Hackers are Hijacking Phone Numbers to Empty Crypto Accounts | #computerhacking | #hacking


Small-scale crypto investors are being increasingly targeted by hackers, according to one report published this week. 

Cybercriminals are performing a fraudulent practice called SIM-swapping – within which a person’s phone number is switched to a new device. Several telecoms carriers are now embroiled in lawsuits brought by victims who feel they were not sufficiently protected. 

Shielding yourself from SIM-Swapping involves limiting the personal information you put on social media and using tech like password managers and authenticator apps. 

Crypto-Thieves Move on to Smaller Fish 

Reporting in The Wall Street Journal details how one individual who invested their life savings in Bitcoin had their accounts emptied overnight, losing $80,000 or more in cryptocurrency value. 

There’s a well-beaten path that has been trodden out over the past few years for hackers looking to target extremely wealthy, powerful people who are well known in the crypto scene and have made millions investing. 

Hacking groups have also targeted crypto companies with increasing frequency. Most recently, $610m was stolen from the platform Poly Network, and further millions have been accrued by fraudsters from various hacks over the past six to seven years. 

Small-time investors have been affected by these large-scale attacks in the past – but now, it seems cybercriminals are cutting out the middle man and going straight for the investors themselves via sim-swapping scams. 

What is SIM-Swapping?

SIM-swapping is an increasingly common way to subsume control of someone’s mobile number. This initially involves some social engineering on behalf of the hacker in question, as they will have to ‘verify’ who they are, duping the telephone carrier into thinking they are in fact their victim. 

Similar processes are regularly performed by telephone providers when they either swap customers’ numbers over to new SIM cards (i.e. a SIM Swap) or switch over a number to a different telecoms carrier (i.e. mobile ‘porting’). 

SIM-swapping only takes around 10 minutes and is well worth the time for hackers.

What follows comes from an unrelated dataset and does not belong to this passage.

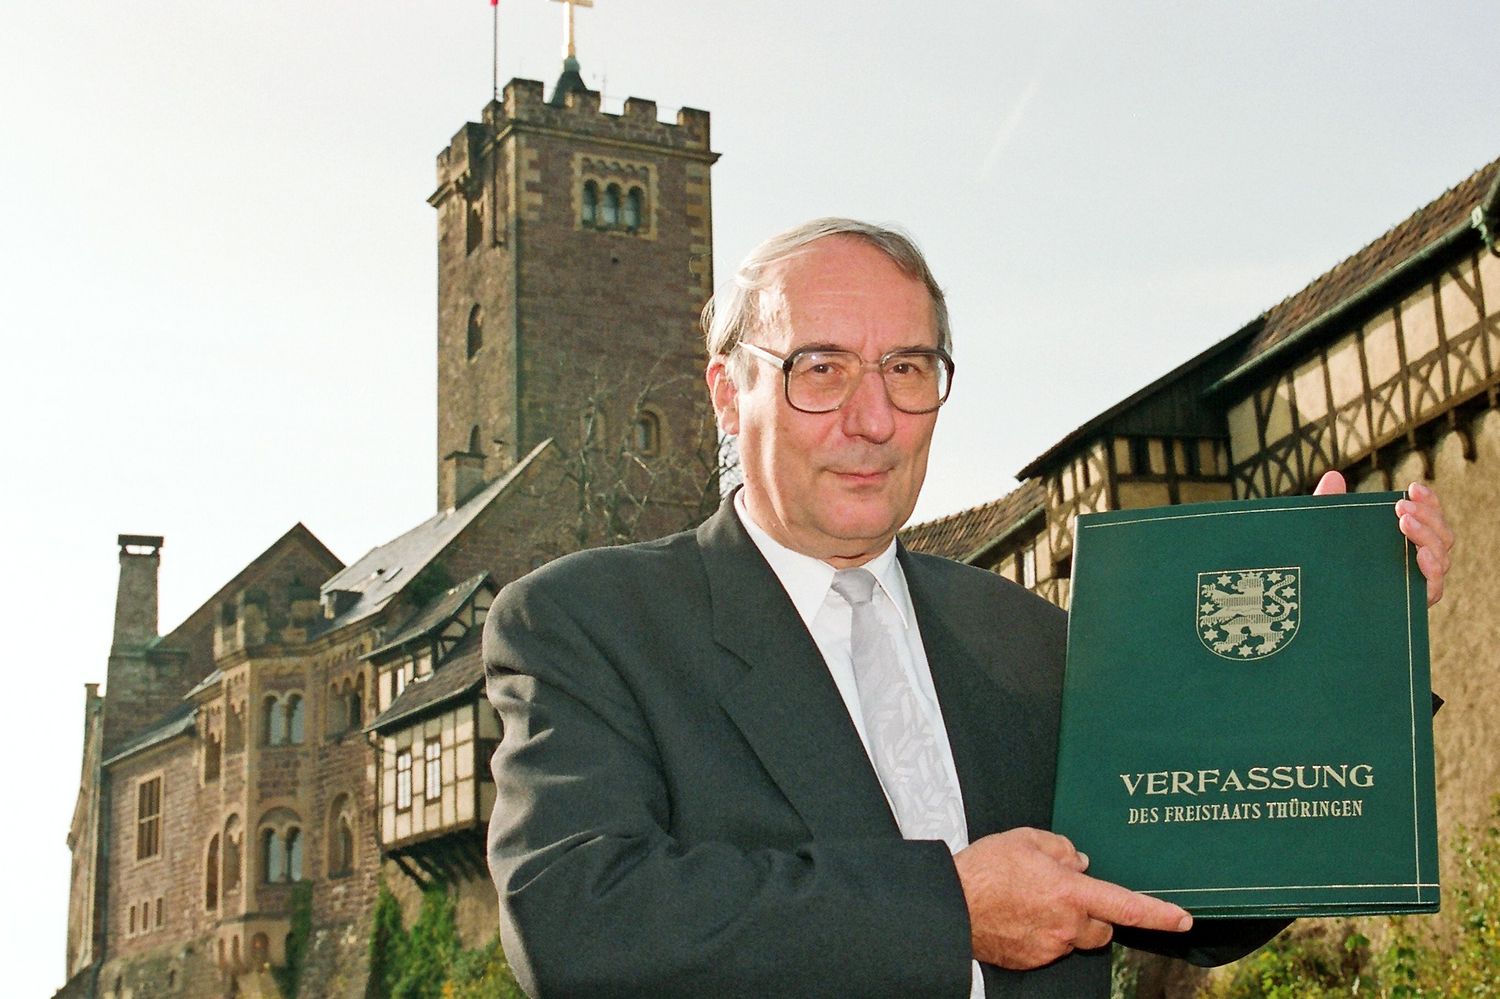 Landtagspräsident Dr. Gottfried Müller mit der Verfassung des Freistaats Thüringer mit der Wartburg im Hintergrund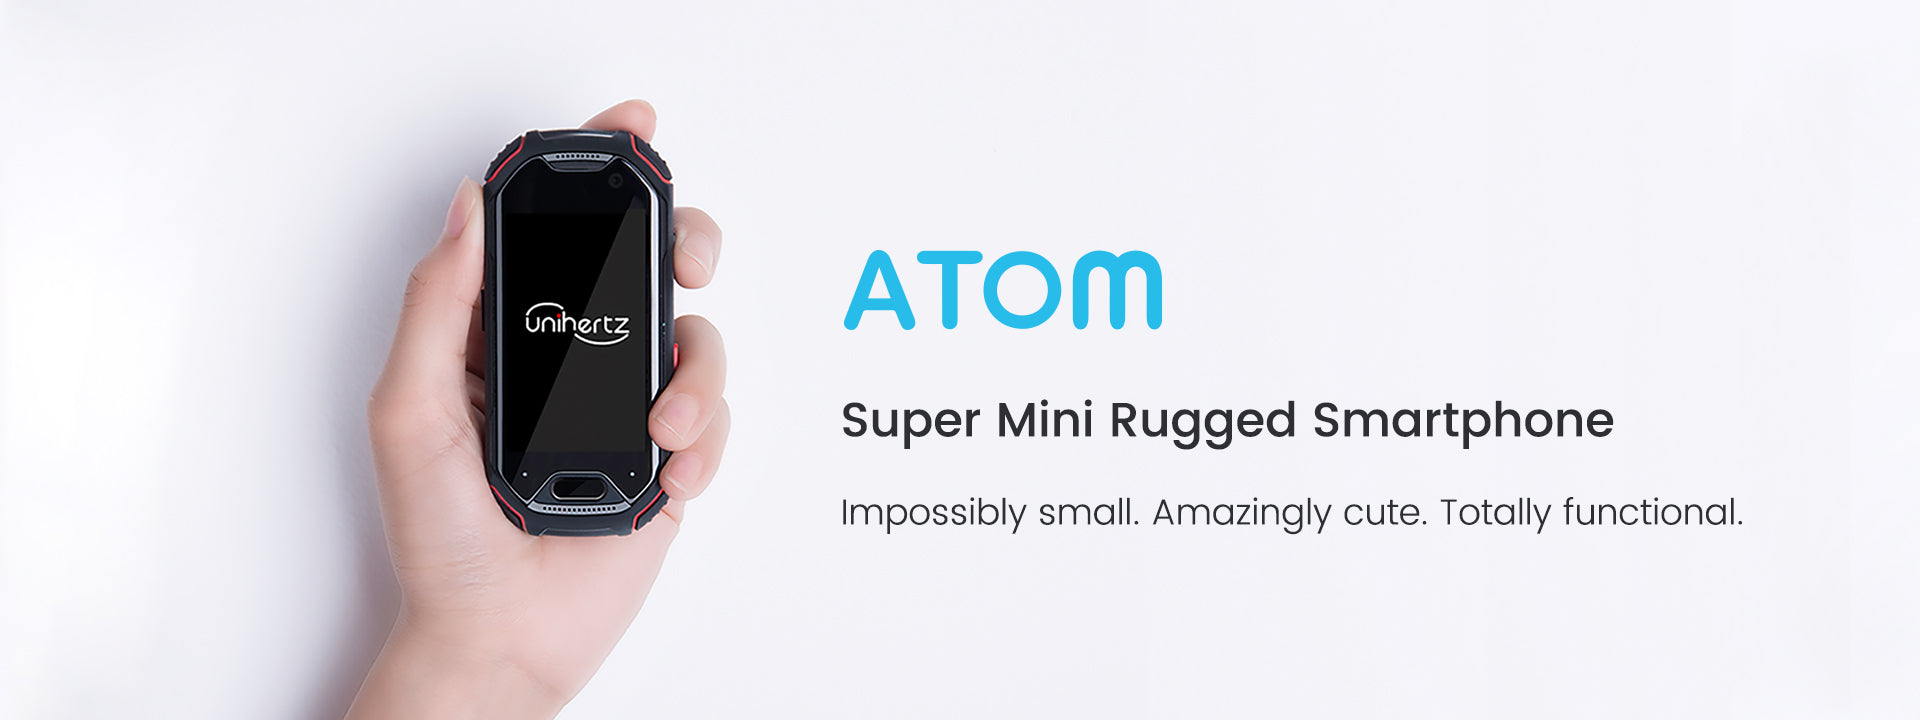 Unihertz Atom - Super Mini Rugged phone

Once you have control of someone’s phone number, you have a potential way into the owner’s accounts – from social media to their bank. 

This is largely due to the fact phone numbers are often invoked in security protocols, such as two-factor authentication, and can be used to receive codes to reset passwords. 

Legal Battles and FCC Action

Aggrieved investors have already opened legal proceedings against various phone carriers, which The Wall Street Journal says has already caused some providers to modify their security provisions. 

In February, for instance, Calvin Cheng sued T-mobile for indirectly enabling a hacker to steal $450,000 worth of Bitcoin after falling victim to a SIM-Swapping scam. 

But the case – and all other of a similar nature – were dwarfed just days ago as a SIM-Swapping scam enabled a Canadian teenager to steal $36.5 million (USD) in Bitcoin. 

In late September, The Federal Communications Commission proposed tightening the rules on how numbers can be swapped between phones and providers after a number of US citizens – including crypt investors – contacted them. 

“The Commission and our sister agency, the Federal Trade Commission (FTC), have received hundreds of consumer complaints about SIM swapping and port-out fraud” the FCC’s document reads. “The bad actor can…change login credentials, drain bank accounts, and, increasingly, steal cryptocurrency and sell or try to ransom social media accounts.” 

However, Telecoms providers have hit back, saying the proposed regulations provide hackers with the ‘Blueprint’ for future attacks. 

Can I Protect Myself Against SIM-Swapping?

One way to protect yourself is to use an authenticator app for multi-factor authentication processes rather than your actual phone number. This means a hacker would have to have your actual device to break through the authentication barrier, rather than your phone number, and the codes refresh regularly. 

Minimizing the amount of personal information someone can find through your public social media accounts is the first step to decreasing your risk of a SIM-Swap.

Hackers may try and obtain information about you prior to a SIM-Swap scam in order to answer security questions. Ensuring your social media accounts don’t have too much personal information on – and that any of this sort of information is only viewable by friends – is a good start. 

Alternatively, speak to your carrier in order to add additional security questions that would be more impenetrable to social engineering or ask them to institute a call-back system or some other way to verify your identity that goes beyond the usual provisions. 

As with all scams like this, hackers will still, at some point in this process, need to obtain at least one of your passwords for an account. Making sure they’re long enough, complex enough, and are stored in a secure password manager like LastPass – which also has its own authenticator app – is essential. 

How Will I Know if my SIM’s Been Swapped?

An indication someone may have swapped your SIM is a sudden loss of cell service and a lack of incoming texts and/or calls. Remember to check whether your carrier’s network is down and eliminate the possibility that there’s another explanation – like your phone’s memory being too full to receive new messages. 

If there’s a possibility you could still be a victim of SIM-Swapping, contact your telecoms carrier immediately and change the details of any accounts you own with your phone number on – as well as your account passwords.